The terminology used to differentiate among types of bad faith claims can be quite confusing. Insurance policies tend to provide coverage for the direct benefit of the insured and separate coverage protecting the insured from liability to third parties. Thus, in a typical automobile liability insurance policy, the personal injury protection coverage required to satisfy section 627.736, Florida Statutes (2000), and the uninsured motorist coverage provided to comply with section 627.727, are coverage for the direct benefit of the insured and are often referred to as "first-party coverage." The liability coverage that protects the insured from claims or lawsuits filed by other parties and requires the insurance company to provide the defense for such claims is often referred to as "third-party coverage."

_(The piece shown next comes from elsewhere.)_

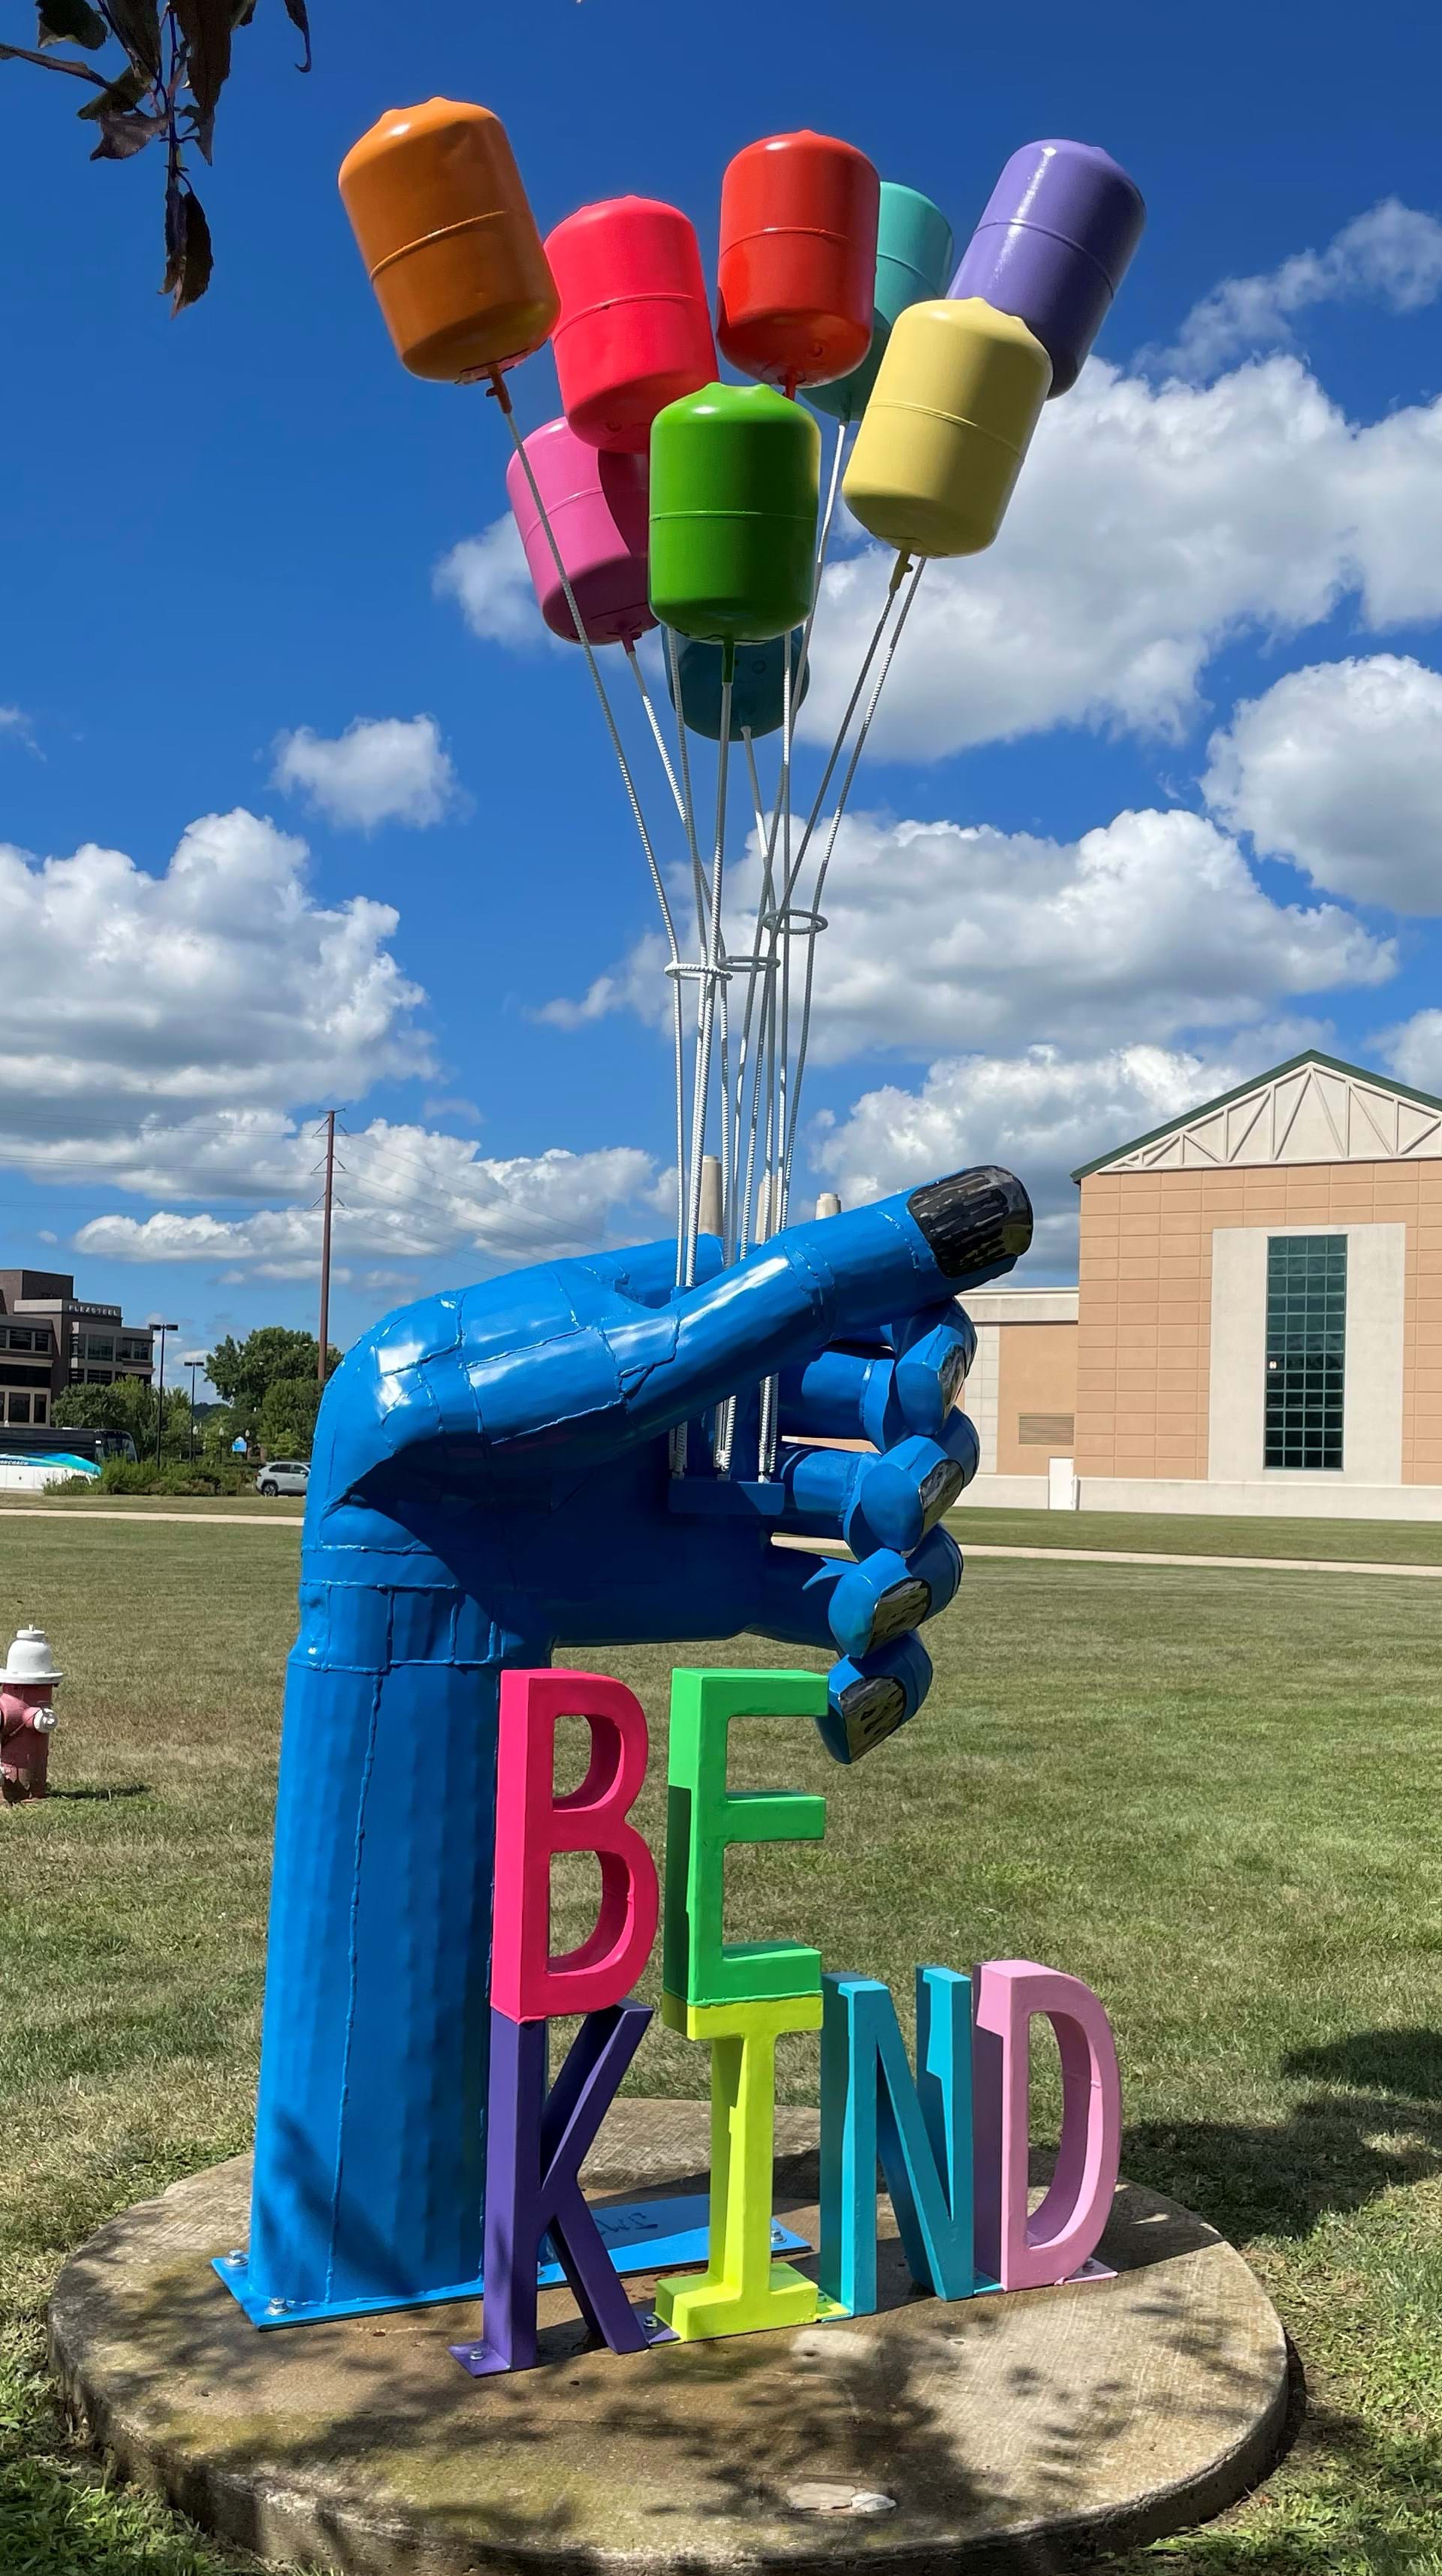 Be Kind by Joe & Terry Malesky of Stratford, MO. On display through end of July 2023 along the Mississippi Riverwalk in the Port of Dubuque.

The typical bad faith action recognized at common law and in the earlier cases involved a breach of duty arising from the "third-party coverage." Shaw, 134 Fla. 815, 184 So. 852. However, as the law expanded, insureds obtained the right to sue for monetary awards beyond the coverage of the insurance policy for damage resulting from a breach of the duty relating to "first-party coverage." See § 624.155; Opperman v. Nationwide Mut. Fire Ins. Co., 515 So.2d 263 (Fla. 5th DCA 1987).
Confusion arises because, after the holding in Thompson, 250 So.2d 259, a common law bad faith action could be filed either by the insured or by the original plaintiff in the tort action. Thus, a bad faith claim under the "third-party coverage" could be maintained either by the "first party," i.e., the insured, or by the "third party," i.e., the original plaintiff in the tort action.
In Ruiz, 899 So.2d at 1125, the Florida Supreme Court used the term "third-party claim" to refer to an action brought by any person alleging that the insurer acted in bad faith concerning a claim arising under third-party coverage. It used "first-party claim" to refer to an action arising under first-party coverage. In Ruiz, the facts involved a "first-party claim" filed by the "first party," i.e., the insured. Ruiz focused on issues relating to the work-product privilege in such a case.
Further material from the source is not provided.